*** Opening DATA FOR THIS EXERCISE ***

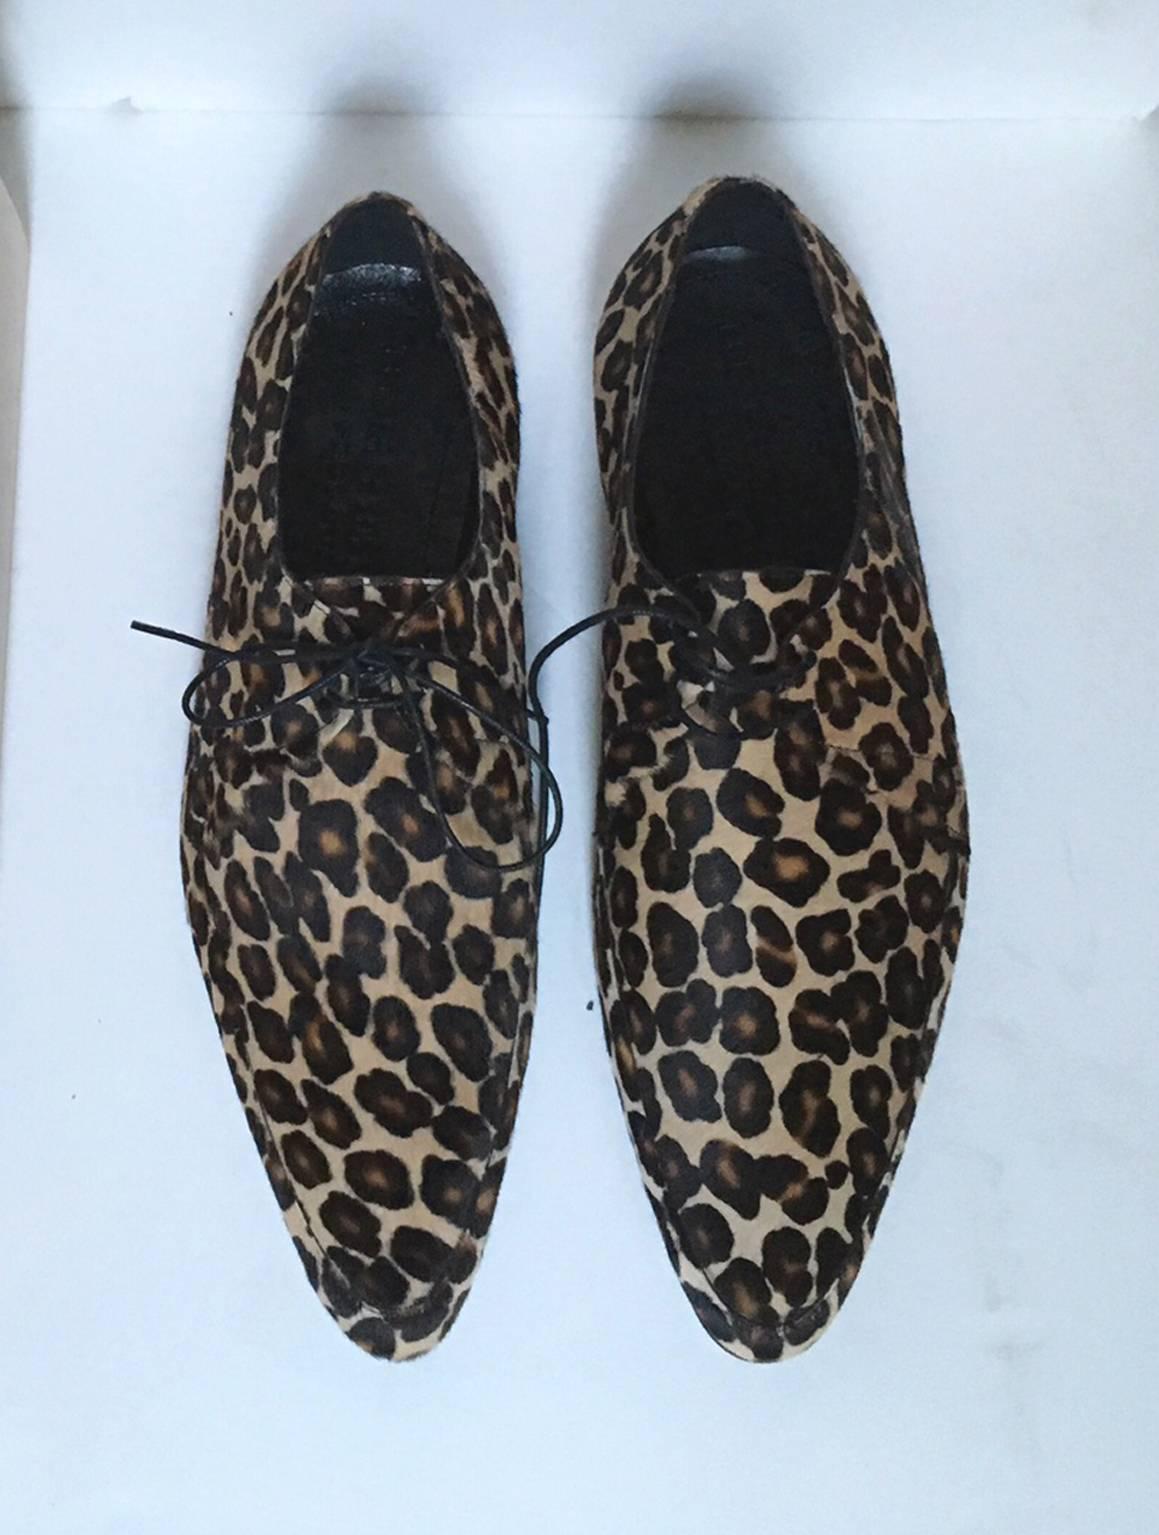 Burberry Prorsum Men's Leopard Print Calf Hair Derby Shoes new with box, unused 1
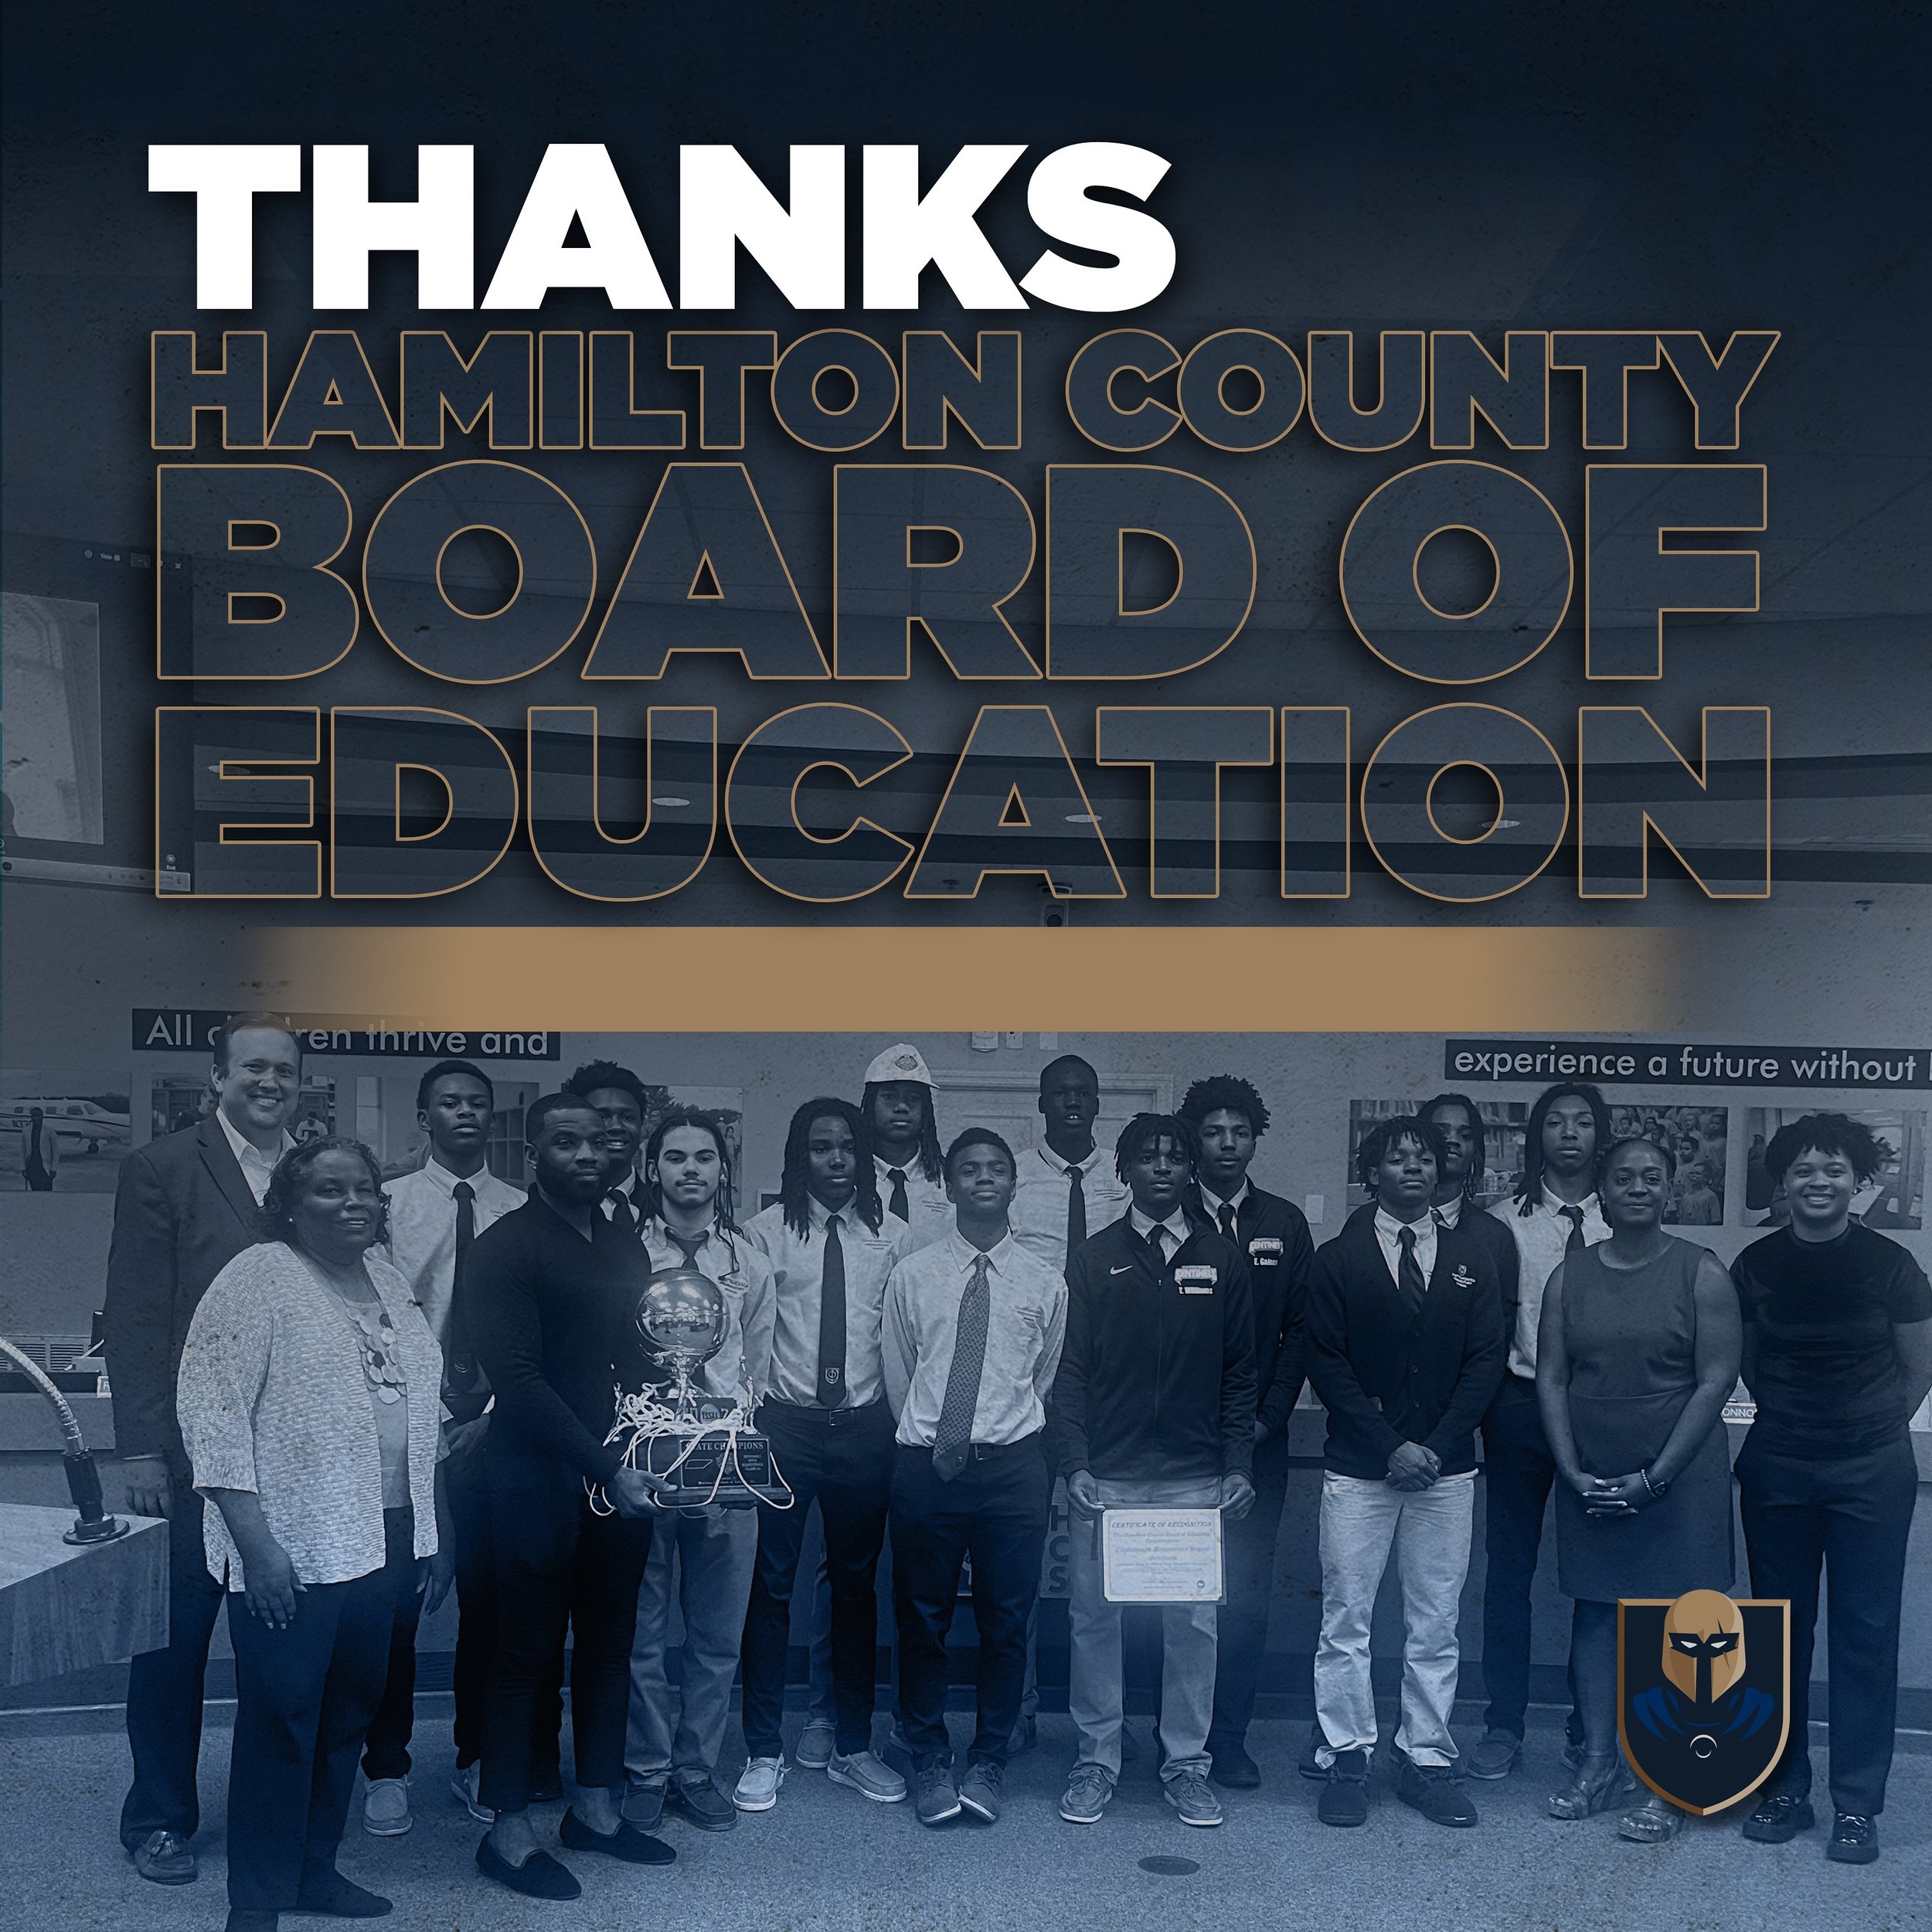 We&rsquo;re beyond grateful for the continued recognition from our city and county! Thanks to the @hamiltoncountyschools school board for recognizing our athletes during yesterday&rsquo;s meeting!!!
&bull;&bull;&bull;&bull;&bull;
#chattprep #statecha
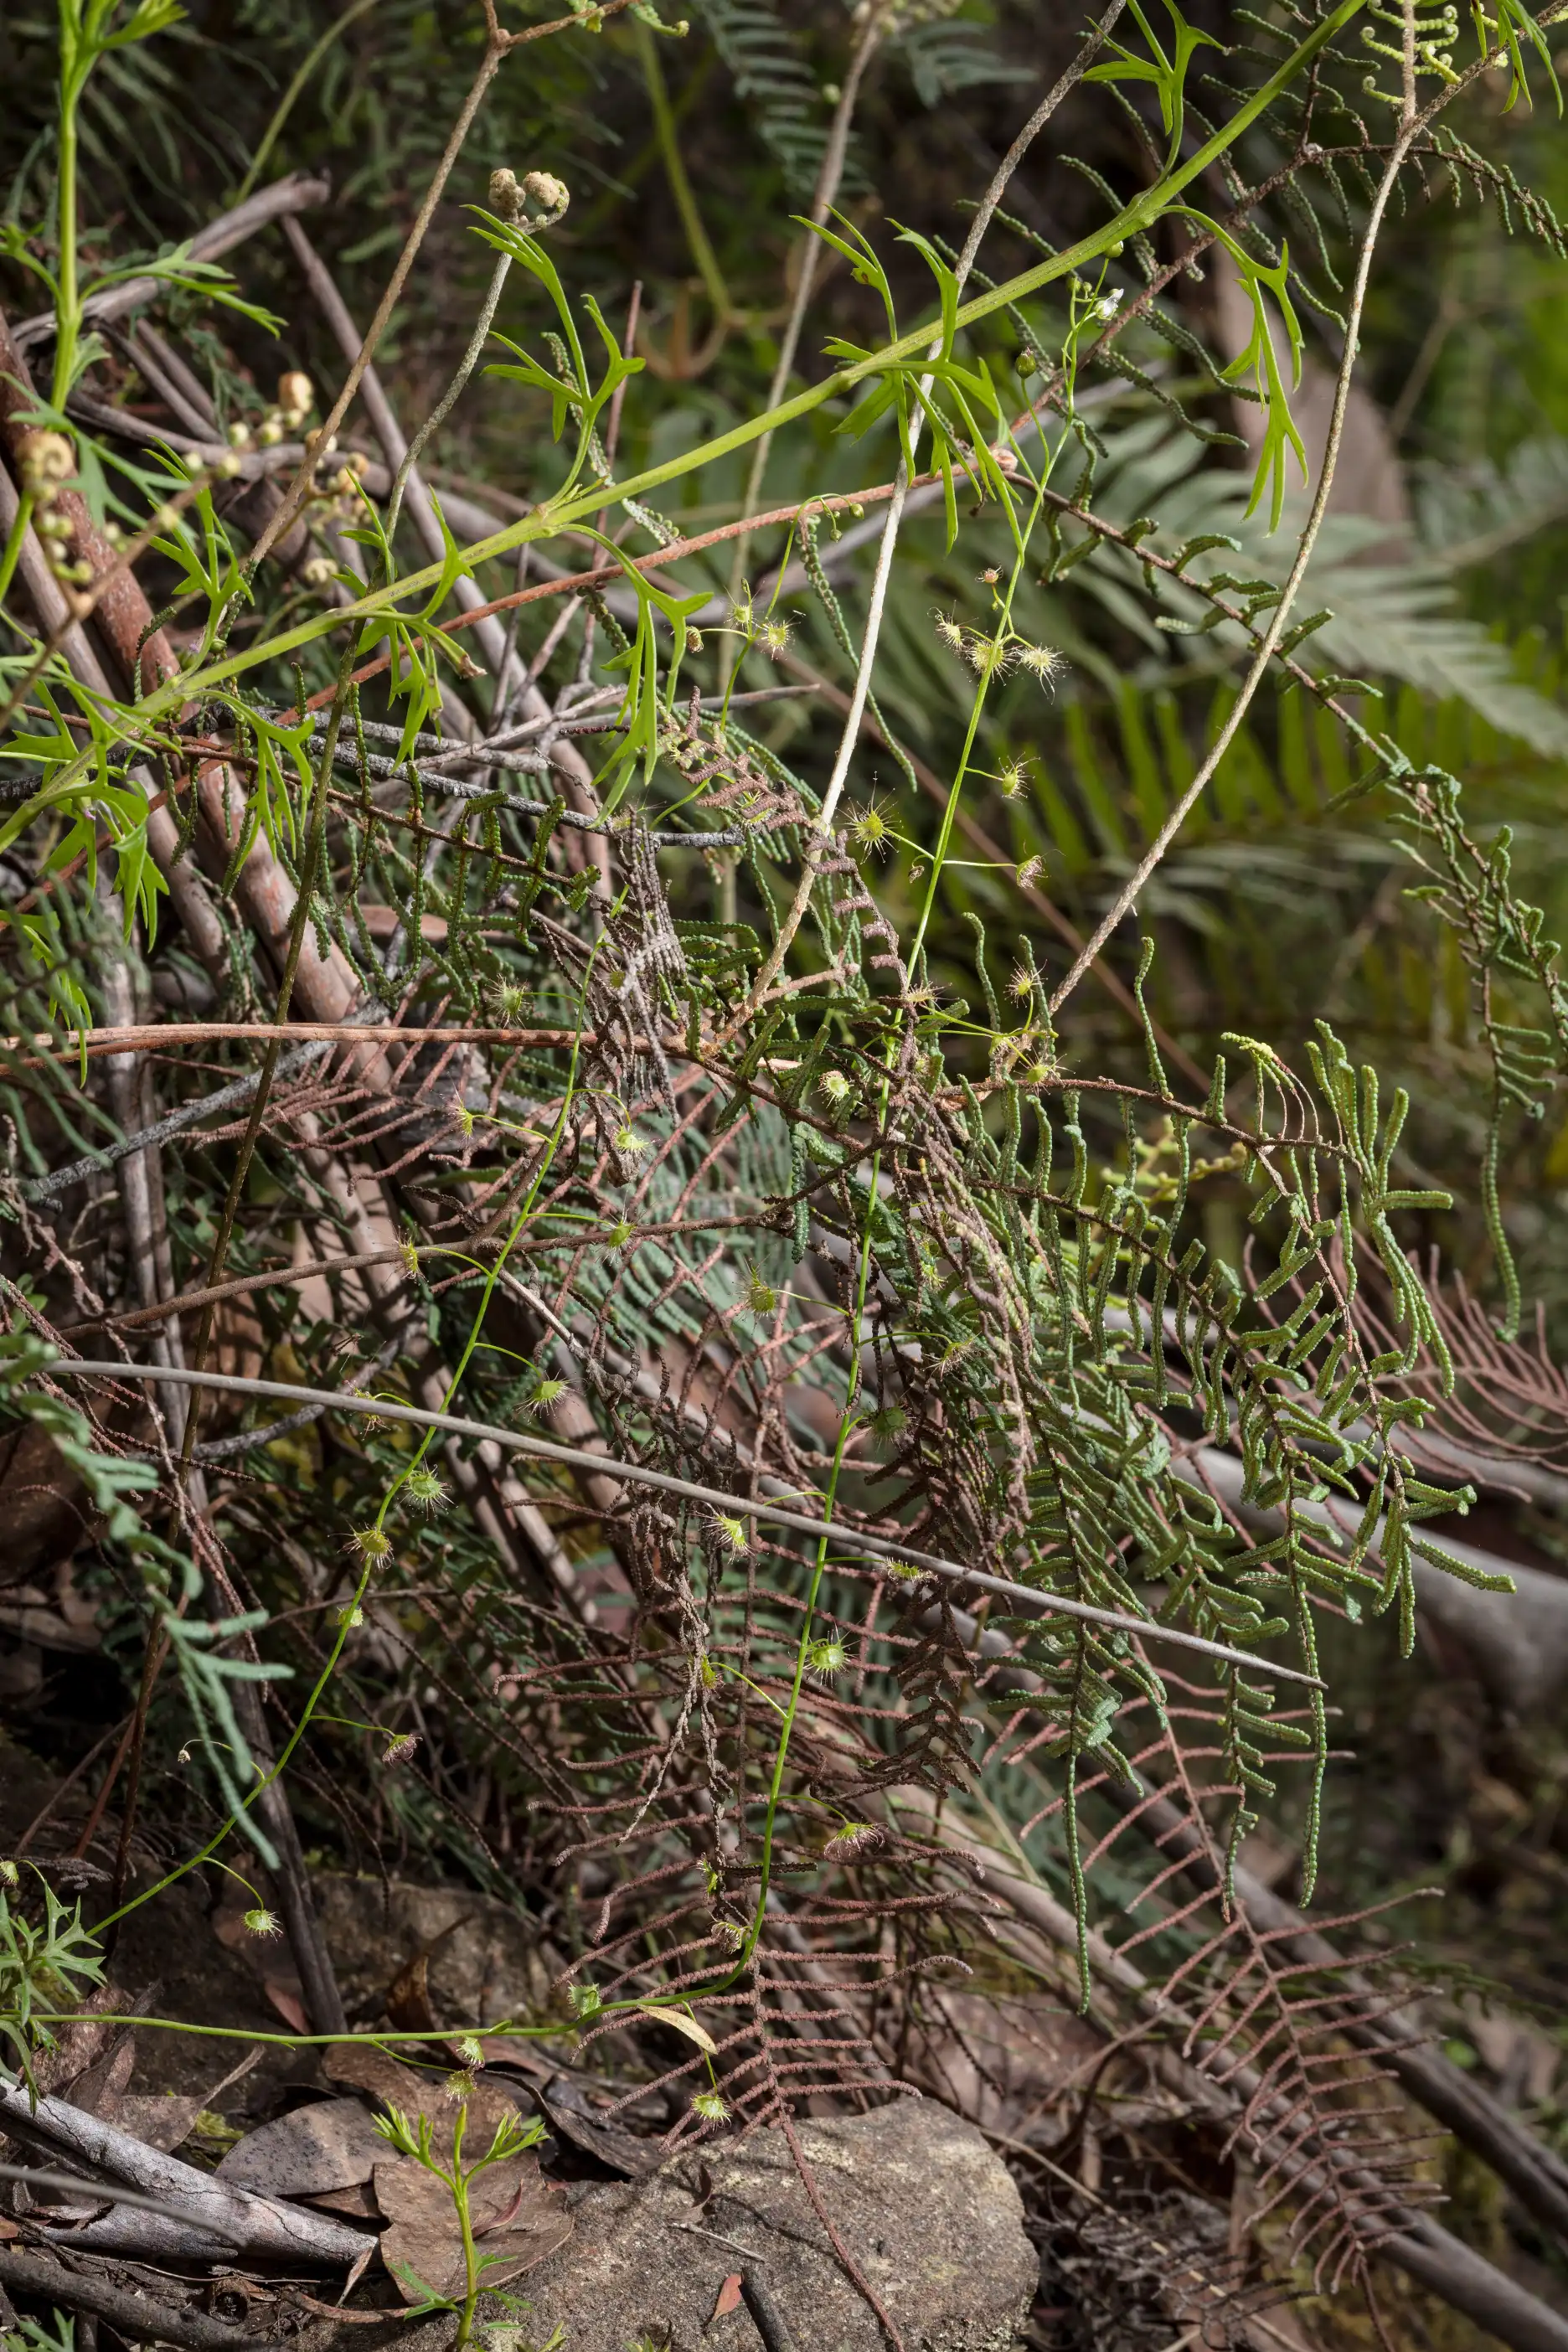 Drosera auriculata plant with other trail-side foliage

*** Closing DATA FOR THIS EXERCISE ***

● **TASK TO COMPLETE**: Print all the records again exactly; do not include any picture.

● **YOUR RESPONSE**:
 Burberry Prorsum Men's Leopard Print Calf Hair Derby Shoes new with box, unused 1
 We&rsquo;re beyond grateful for the continued recognition from our city and county! Thanks to the @hamiltoncountyschools school board for recognizing our athletes during yesterday&rsquo;s meeting!!!
&bull;&bull;&bull;&bull;&bull;
#chattprep #statecha
 Drosera auriculata plant with other trail-side foliage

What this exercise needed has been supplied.